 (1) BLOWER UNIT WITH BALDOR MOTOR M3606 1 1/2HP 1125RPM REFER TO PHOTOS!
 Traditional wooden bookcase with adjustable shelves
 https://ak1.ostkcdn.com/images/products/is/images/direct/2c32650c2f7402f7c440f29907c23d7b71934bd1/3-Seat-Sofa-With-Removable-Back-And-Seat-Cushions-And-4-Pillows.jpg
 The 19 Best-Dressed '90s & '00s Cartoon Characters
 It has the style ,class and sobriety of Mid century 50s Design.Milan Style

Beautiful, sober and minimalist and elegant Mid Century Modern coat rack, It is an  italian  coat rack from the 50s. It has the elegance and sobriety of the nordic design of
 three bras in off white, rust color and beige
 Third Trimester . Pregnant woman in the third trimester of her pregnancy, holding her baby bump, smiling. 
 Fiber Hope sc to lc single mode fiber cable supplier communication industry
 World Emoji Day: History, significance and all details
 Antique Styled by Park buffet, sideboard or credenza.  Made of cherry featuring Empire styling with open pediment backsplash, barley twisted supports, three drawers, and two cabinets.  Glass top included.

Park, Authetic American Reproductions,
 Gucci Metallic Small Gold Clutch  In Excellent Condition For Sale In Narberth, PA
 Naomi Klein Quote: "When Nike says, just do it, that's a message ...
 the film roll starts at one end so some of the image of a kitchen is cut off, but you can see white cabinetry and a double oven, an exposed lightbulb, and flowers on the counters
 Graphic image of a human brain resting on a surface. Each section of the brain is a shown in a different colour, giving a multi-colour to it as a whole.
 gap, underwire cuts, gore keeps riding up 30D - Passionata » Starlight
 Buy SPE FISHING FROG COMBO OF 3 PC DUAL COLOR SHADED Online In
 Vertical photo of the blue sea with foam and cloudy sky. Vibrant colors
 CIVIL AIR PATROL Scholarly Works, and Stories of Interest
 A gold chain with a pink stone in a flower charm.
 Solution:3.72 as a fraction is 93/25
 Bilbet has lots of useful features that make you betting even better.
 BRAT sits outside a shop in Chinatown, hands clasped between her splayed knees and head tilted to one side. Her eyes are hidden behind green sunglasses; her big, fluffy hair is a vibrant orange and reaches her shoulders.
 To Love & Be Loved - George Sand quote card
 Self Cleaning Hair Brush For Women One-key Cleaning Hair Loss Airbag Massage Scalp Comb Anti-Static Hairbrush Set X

########

WHAT TO DO: Write out the records. Leave nothing out and change nothing.

RESPONSE FOR THIS EXERCISE:
 (1) BLOWER UNIT WITH BALDOR MOTOR M3606 1 1/2HP 1125RPM REFER TO PHOTOS!
 Traditional wooden bookcase with adjustable shelves
 https://ak1.ostkcdn.com/images/products/is/images/direct/2c32650c2f7402f7c440f29907c23d7b71934bd1/3-Seat-Sofa-With-Removable-Back-And-Seat-Cushions-And-4-Pillows.jpg
 The 19 Best-Dressed '90s & '00s Cartoon Characters
 It has the style ,class and sobriety of Mid century 50s Design.Milan Style

Beautiful, sober and minimalist and elegant Mid Century Modern coat rack, It is an  italian  coat rack from the 50s. It has the elegance and sobriety of the nordic design of
 three bras in off white, rust color and beige
 Third Trimester . Pregnant woman in the third trimester of her pregnancy, holding her baby bump, smiling. 
 Fiber Hope sc to lc single mode fiber cable supplier communication industry
 World Emoji Day: History, significance and all details
 Antique Styled by Park buffet, sideboard or credenza.  Made of cherry featuring Empire styling with open pediment backsplash, barley twisted supports, three drawers, and two cabinets.  Glass top included.

Park, Authetic American Reproductions,
 Gucci Metallic Small Gold Clutch  In Excellent Condition For Sale In Narberth, PA
 Naomi Klein Quote: "When Nike says, just do it, that's a message ...
 the film roll starts at one end so some of the image of a kitchen is cut off, but you can see white cabinetry and a double oven, an exposed lightbulb, and flowers on the counters
 Graphic image of a human brain resting on a surface. Each section of the brain is a shown in a different colour, giving a multi-colour to it as a whole.
 gap, underwire cuts, gore keeps riding up 30D - Passionata » Starlight
 Buy SPE FISHING FROG COMBO OF 3 PC DUAL COLOR SHADED Online In
 Vertical photo of the blue sea with foam and cloudy sky. Vibrant colors
 CIVIL AIR PATROL Scholarly Works, and Stories of Interest
 A gold chain with a pink stone in a flower charm.
 Solution:3.72 as a fraction is 93/25
 Bilbet has lots of useful features that make you betting even better.
 BRAT sits outside a shop in Chinatown, hands clasped between her splayed knees and head tilted to one side. Her eyes are hidden behind green sunglasses; her big, fluffy hair is a vibrant orange and reaches her shoulders.
 To Love & Be Loved - George Sand quote card
 Self Cleaning Hair Brush For Women One-key Cleaning Hair Loss Airbag Massage Scalp Comb Anti-Static Hairbrush Set X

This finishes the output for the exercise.